The exploration of this grid space is constrained by fundamental causality requirements: any valid evolutionary trajectory must satisfy \(t_d^{(i)} \leq t_d^{(i+1)}\), ensuring that delay times are non-decreasing along the temporal sequence. Figure 3 illustrates this constraint through example trajectories that demonstrate both valid evolutionary pathways and violations of the causality principle. Valid trajectories (solid lines) represent physically allowable delay time evolution, where the system can remain at the same delay time or progress to longer delays, but cannot evolve backward in time. The directional arrows clearly indicate the temporal evolution along each pathway. Invalid trajectories (dashed lines) violate the causality constraint by attempting to decrease delay times during evolution, marked with violation symbols (\(\boldsymbol{\times}\)) at the problematic transitions. These violations represent nonphysical scenarios where a binary system would have multi-valued function at a fixed \(t_d\).

4 Results↩︎

We apply our grid-based DTD reconstruction framework described in Section 2 to the combined GWTC-3 and GWTC-4 catalogs of BBH mergers, incorporating the corresponding injection campaigns to correct for selection biases[55][57]. The analysis is performed in the \((m,z)\) plane with multiple grid resolutions to test bin-size systematics. For robustness, we restrict to systems with component masses above \(20\,M_\odot\), where detection efficiency is well characterized, and focus on two broad mass intervals: \(20\)-\(40\,M_\odot\) and \(40\)-\(100\,M_\odot\).
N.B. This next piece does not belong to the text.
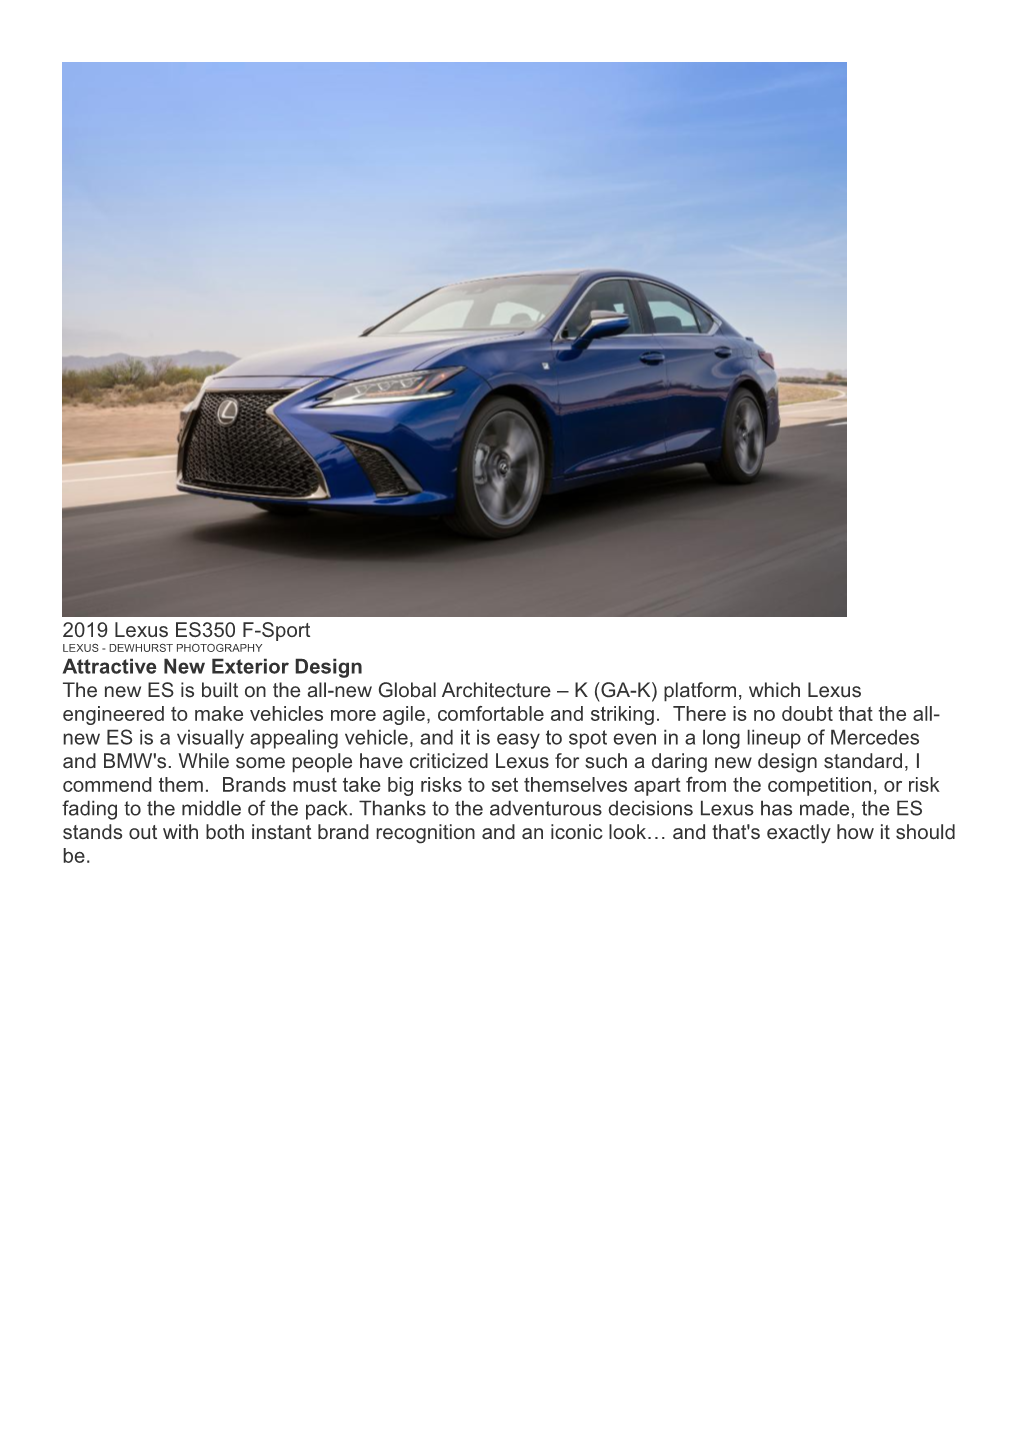 2019 Lexus ES 350 F-Sport - 3 Things You Need to Know

Figure 4 shows the DTDs for the two mass ranges. For lower-mass binaries (\(20\)-\(40\,M_\odot\)), the inferred \(P(t_d)\) is broad and nearly flat across \(\sim\)​1-10 Gyr, indicating that both prompt and significantly delayed mergers occur with comparable likelihood. This shape suggests a diverse mixture of evolutionary pathways and environments, including both isolated binary evolution with long delays and dynamical channels that can accelerate coalescence.

Figure 4: Envelope of the top 50 highest-evidence delay–time distribution trajectories reconstructed from the GWTC-3 and GWTC-4 catalogs. The shaded regions show the allowed range of \log P(t_d) as a function of delay time for binaries in two mass intervals: 20–40,M_\odot (pink) and 40–100,M_\odot (gold), while the dark solid curves denote the single best-evidence trajectory in each mass bin. Lower-mass systems exhibit broadly flat distributions across the delay-time range, whereas higher-mass binaries show a pronounced concentration toward short delays (\lesssim 5 Gyr), providing direct non–power-law evidence for merger timescales.
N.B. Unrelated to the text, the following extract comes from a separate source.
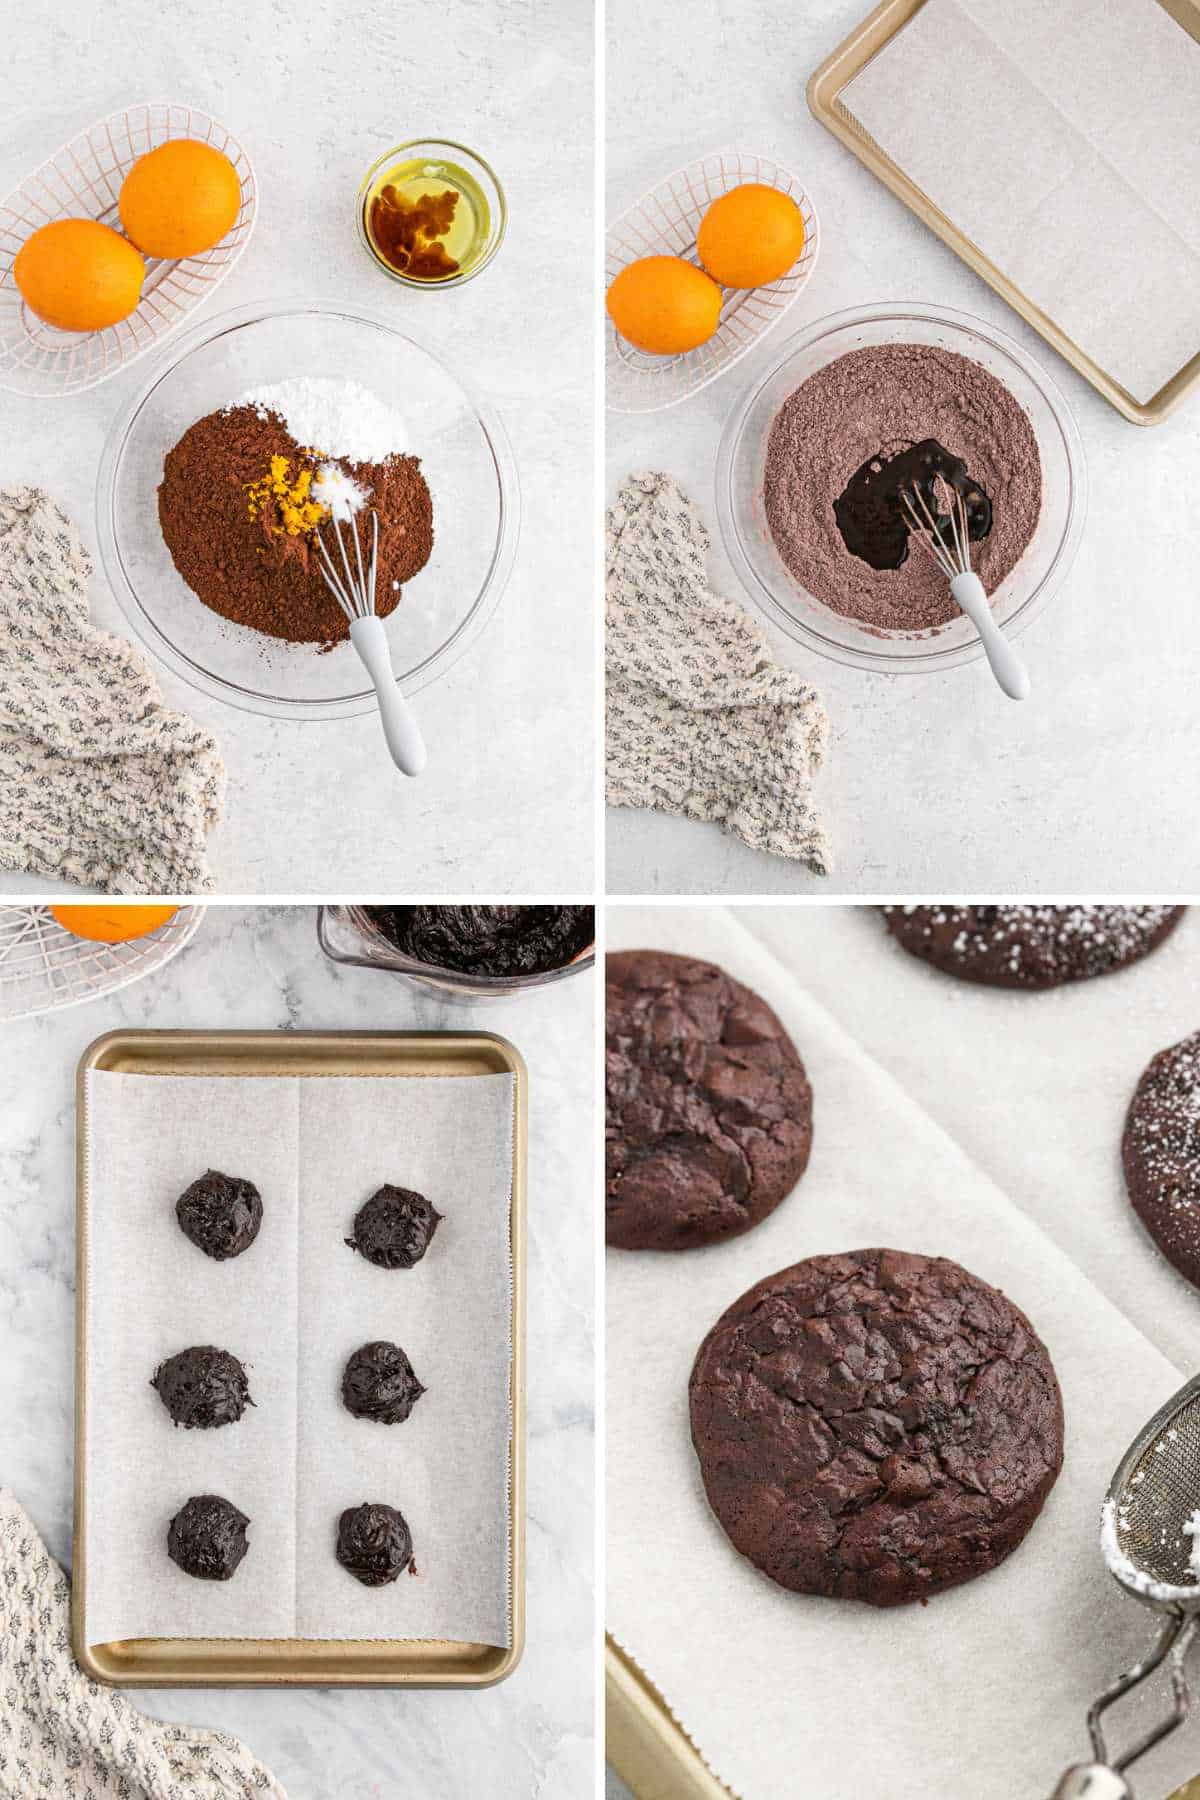 A collage of images showing how to make chocolate orange cookies.

In contrast, higher-mass binaries (\(40\)-\(100\,M_\odot\)) exhibit peaked DTDs, with merger probabilities strongly concentrated at short to intermediate delays (\(\sim\)​3-5 Gyr) and a sharp suppression of long delays. The decay in the high \(t_d\) for the high mass bin is coming from the fact that the merger rate is increasing as one moves from lower redshifts to higher redshift (see figure 2 red solid line.). Whereas at the lower delay time (for \(t_d < 2\) Gyrs), the constraints are weak (exhibiting a large error) due to non-detection of high redshift sources impacted by the selection function. In figure 2 we show the normalized redshift distributions of BBH mergers, comparing the observed GW catalog data (solid line) with the reconstructed trajectories (dashed line) derived from the best-evidence DTD inferred using our grid-based technique. The remarkable agreement between the two provides a strong self-consistency check on our framework, demonstrating that the inferred DTD not only yield statistically favored trajectories in \((t_d, \log P(t_d))\) space but also naturally reproduce the observed cosmic evolution of the merger population.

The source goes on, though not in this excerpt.